Впоследствии из занятий на фельдшерских курсах я понял, что только пот разогревает мускулы для наилучшей отдачи. Я, сколько ни работал, никогда не запотевал, мой напарник по шахте Карелин, краснорожий парень молодой, обливался потом при каждом движении — и очень нравился десятнику и начальнику участка. Я проработал на физической работе много лет: и в лагере и до лагеря, но всегда эту работу ненавидел, хотя техникой владел [нрзб], техникой землекопа, горнорабочего. Я — артист лопаты, я — тачечник Колымы.
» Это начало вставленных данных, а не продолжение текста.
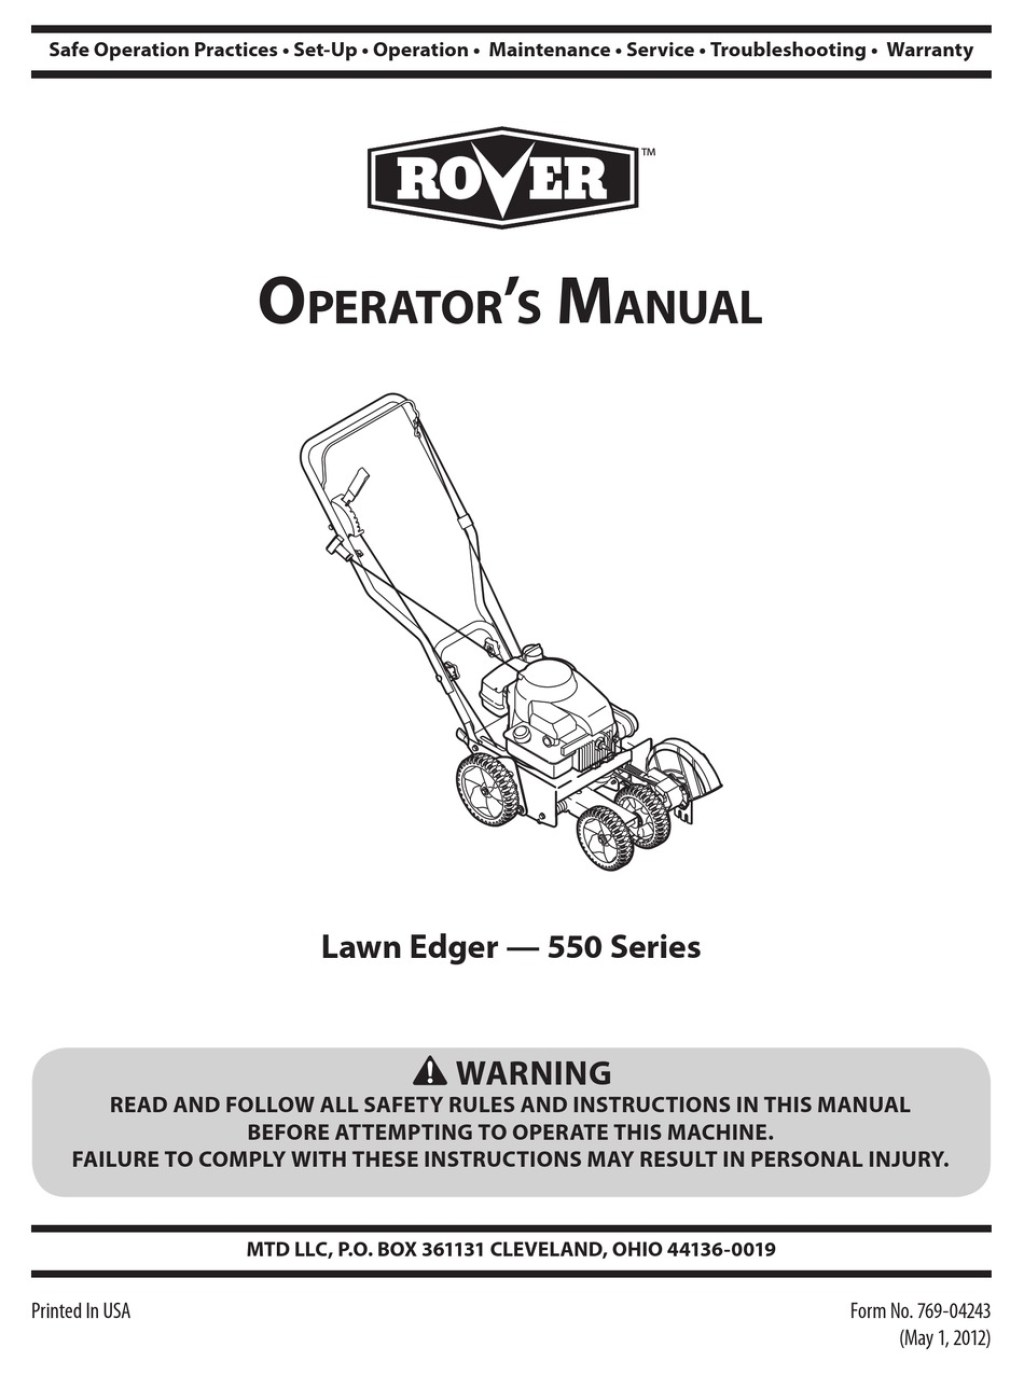 Picture of: ROVER  SERIES OPERATOR’S MANUAL Pdf Download  ManualsLib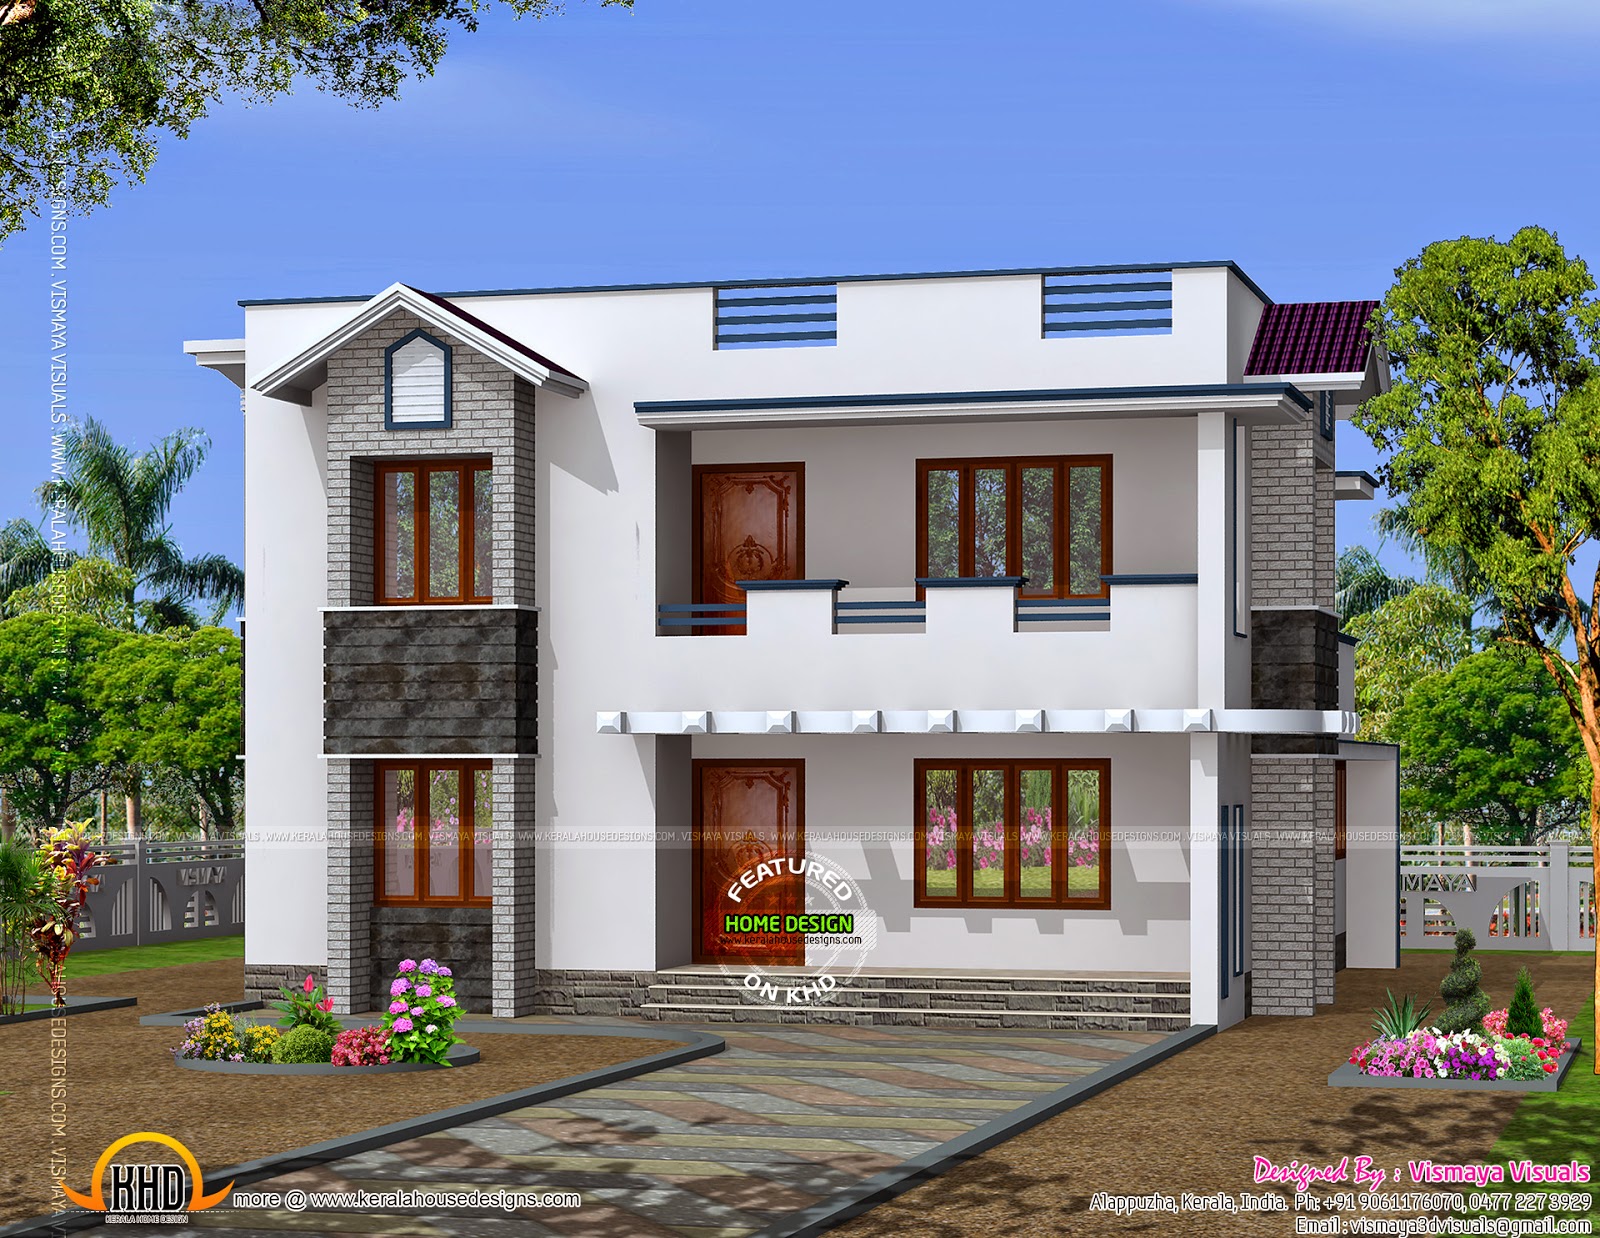  Simple  design home  Kerala home  design and floor plans 8000 houses

И ещё я знаменитый магаданский поломой
Конечно, шахта убивает. Я видел много «орлов» — аварий с человеческими жертвами, когда человека расплющивало в пластину. Видел живые куски мяса, стонущие. Шахта есть шахта. Первая авария, которая произошла со мной, была на откатке вагонеток во время счистки лавы: кусок угля перелетел загородку (она не была глухой, как положено) и ударил меня в голову. Я помню только яркую вспышку синего цвета и голос;
— Ты встать можешь?
— Да, конечно.
Я встал, потер ушибленное место, замазал ранку, по шахтерским правилам, угольной пылью, заслюнил угольную пыль и намазал. Угольная пыль — это гуминовая кислота. Она не только не вредна, но даже полезна для легких. И туберкулезом на шахте заболевают мало. Истинное заболевание шахтеров не туберкулез, а силикоз — от пыли породы, которую вдыхают легкие шахтеров.
С откатки я перешел в лаву, на выборку угля после взрыва. Крепежники ставят крепы на местах, где бухтит кровля, и навальщики выбирают уголь, сталкивают его вниз по желобам, которые трясет мотор. Здесь у меня тоже была одна авария. Во время смены не успели выбрать весь уголь с отвала, а остатки были как раз под кровлей, которая тут трещала. Постучали сильно — не отваливается. Попробовали отвалить ломом — не отпадает. Значит, будет стоять. Я выбрал весь этот уголь, когда обвалилась кровля. Пласт тут небольшой, метра полтора. Нагнувшись, стоять — как раз по моему росту. Поэтому кровля не ударила меня, а сбила с ног и опрокинула. При падении кровля разбилась, и я вылез. Конечно, такое падение кровли, да ещё туча белой пыли при этом — всегда тревожно сначала. Мгновенно сбежалось все начальство: и те, кто принимал смену, и те, кто ее сдавал. У меня было ушиблена голова.